We could put it another way. We could argue that our society’s actions define significant and meaningful changes to the way in which health services are provided to people with learning disabilities (the kind of adjustments needed to keep people alive) as “unreasonable adjustments”. In the minds of most, expecting a doctor to change the way he or she engages with people is unreasonable. Allowing more time to consult with a patient with a learning disability is unreasonable.  Expecting people to pay more tax to pay for that time is unreasonable, because services are only funded to be delivered to most people, not all people.

Chris is right, there is systemic institutional disablism but I think it goes beyond that. We live in a society that views the life of a person with a learning disability as less valuable than that of the average voter and tax payer.

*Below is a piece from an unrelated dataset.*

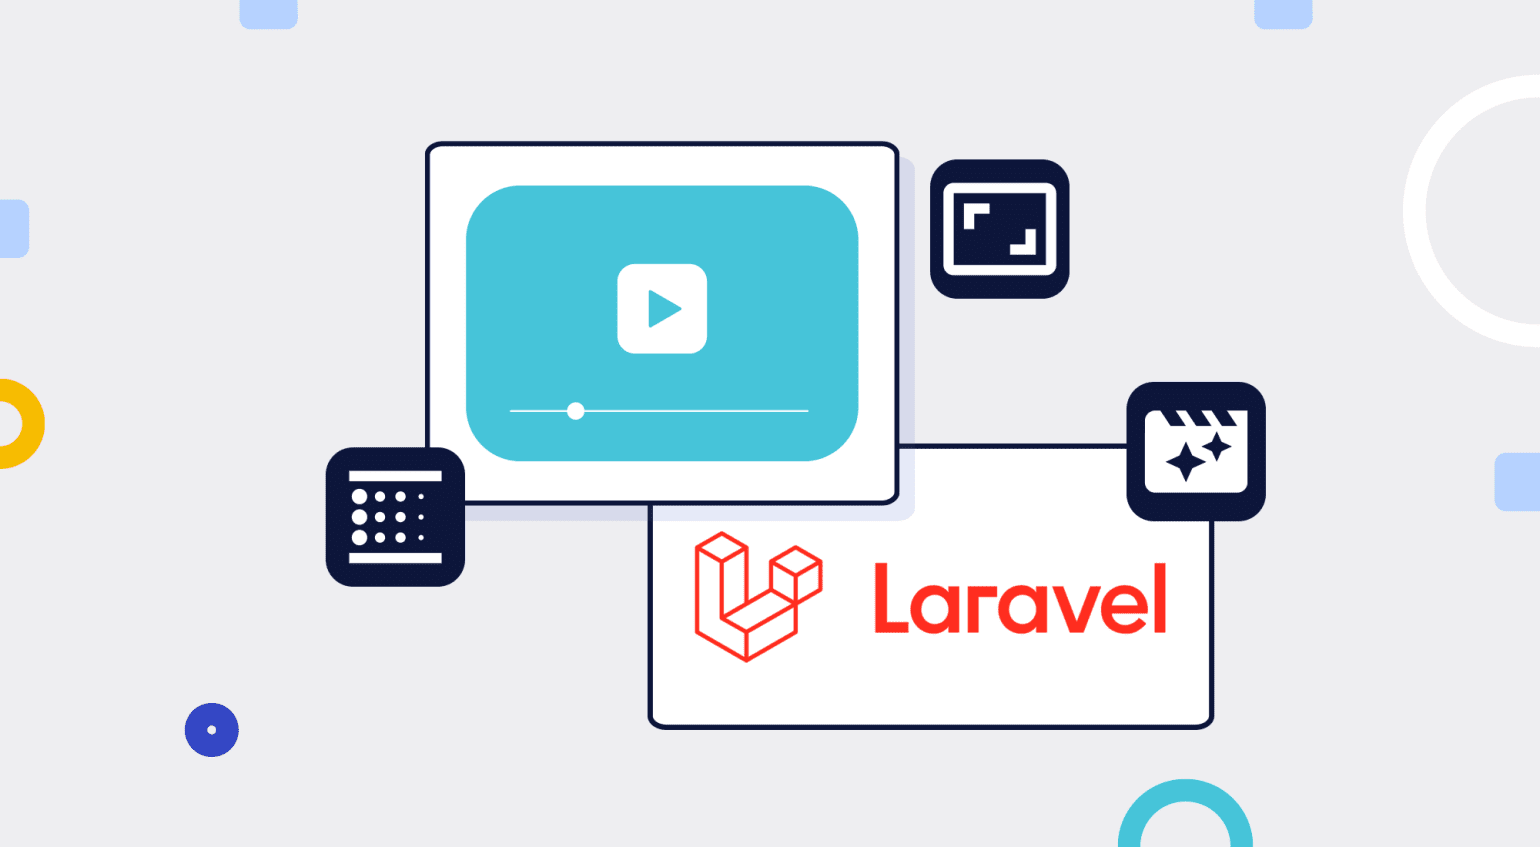 Tối ưu hóa video trên Laravel giúp tăng tốc độ tải trang web của bạn, giúp khách hàng trải nghiệm trang web một cách mượt mà. Hãy xem hình ảnh liên quan để biết thêm về cách tối ưu hóa video trên Laravel.

And that reality, shapes access to services and the measures that are deemed reasonable to improve that access. And whilst our society has moved on from mercy killings and deliberate starvation; wherever we live around the world, the difference in life expectancy between the wider population and a person with a learning disability, is at least a measure of our ability to look the other way while other people die and at worst an expression of our violence.

Today I heard of the death of another person with a learning disability who didn’t need to die.